APPEAL from a judgment of the Superior Court of Los Angeles County,
Joseph R. Kalin, Judge. Affirmed.
Ivie, McNeill & Wyatt and Chandler A. Parker for Plaintiff and Appellant.
The Jameson Law Firm and Guy E. Jamison for Defendant and Respondent.
____________________________
Appellant Harley Wyatt is a successor trustor of a second deed of trust held by
respondent David Freeman. Freeman initiated a trustee’s foreclosure sale at which he
made a full credit bid and obtained a trustee’s deed to the subject property. In this action
Wyatt seeks to set aside the trustee’s deed on the ground that statutory notice was not
given. She contends that because she first learned of the sale less than 10 business days
before it occurred she did not have sufficient time to cure the default. The trial court
granted Freeman’s motion for summary judgment, ruling that proper notice was given
and that, in any event, Wyatt was incapable of showing prejudice from lack of notice.

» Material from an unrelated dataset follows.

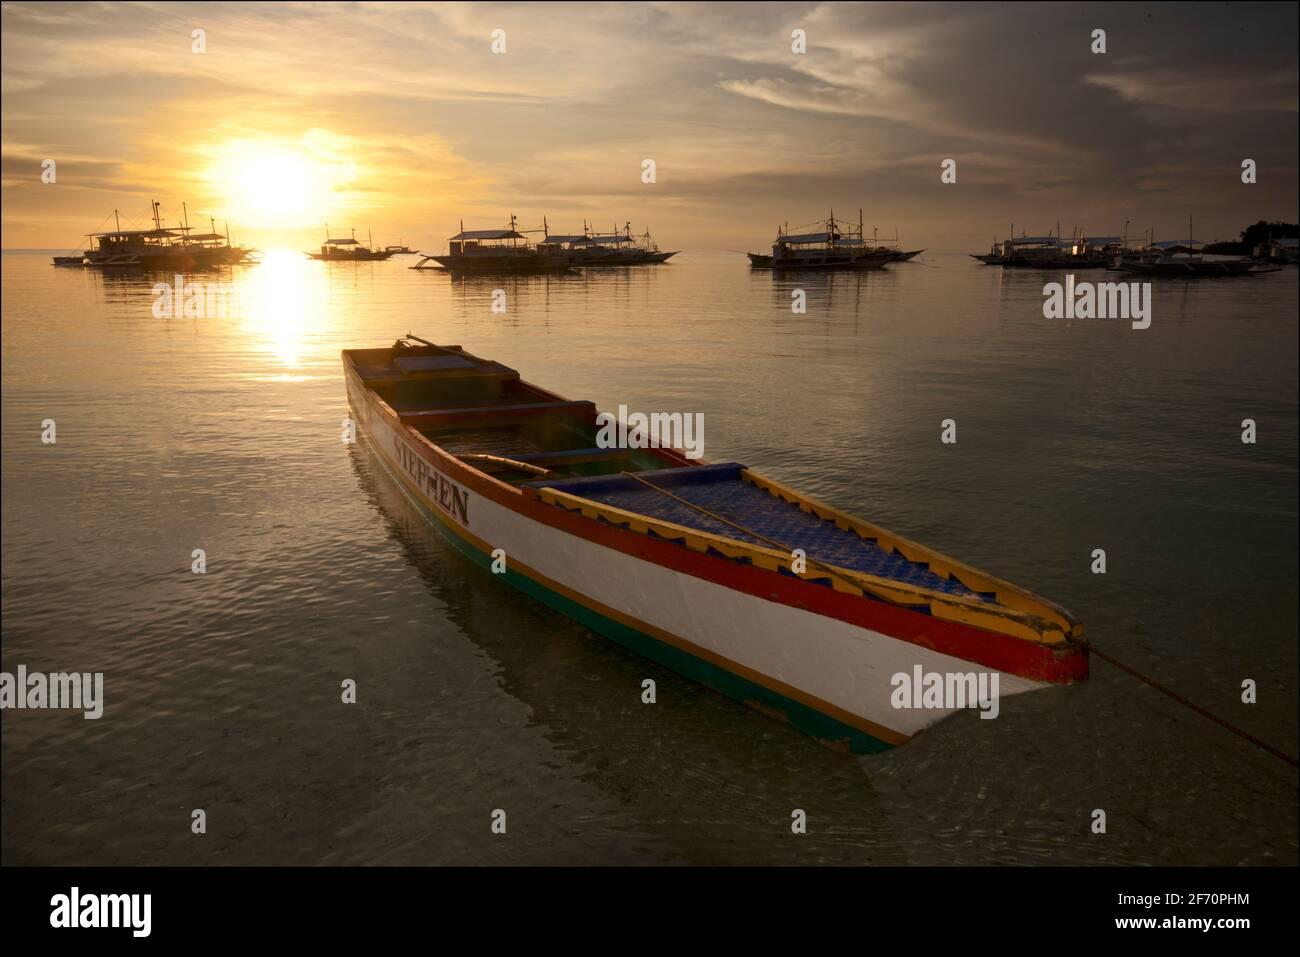 Boat moored off Logon, Malapascua Island at sunset. Visayan Sea, Cebu, Philippines. Stock Photo

Finding no error, we affirm.
FACTUAL AND PROCEDURAL BACKGROUND
In 2002, Wyatt’s daughter, Paula Boyd, acquired the property at issue—a 16-unit
apartment building located at 125 West Chestnut Street in the City of Glendale. Boyd
financed the purchase with a $100,000 loan from Wyatt which she used for part of the
down payment, and a $500,000 mortgage from East West Bank. The bank recorded its
note and first deed of trust on the property in 2002.
Three years later, in 2005, Boyd borrowed $425,000 from Freeman, who then was
her attorney in another matter. The loan was secured by a second deed of trust on the
property, which was recorded in 2005.
Boyd fell behind on her loan payments to Freeman, and he threatened to foreclose
the second deed of trust in 2007. Boyd claimed that Freeman had breached his fiduciary
duty by charging a usurious interest rate. With the assistance of an attorney, Boyd
obtained a lower interest rate and waiver of previously incurred fees and penalties, all of
which was memorialized in a September 2007 settlement and mutual release agreement.
The agreement stated that it was binding on successors and included a mutual release of
all claims arising from the 2005 promissory note and second deed of trust.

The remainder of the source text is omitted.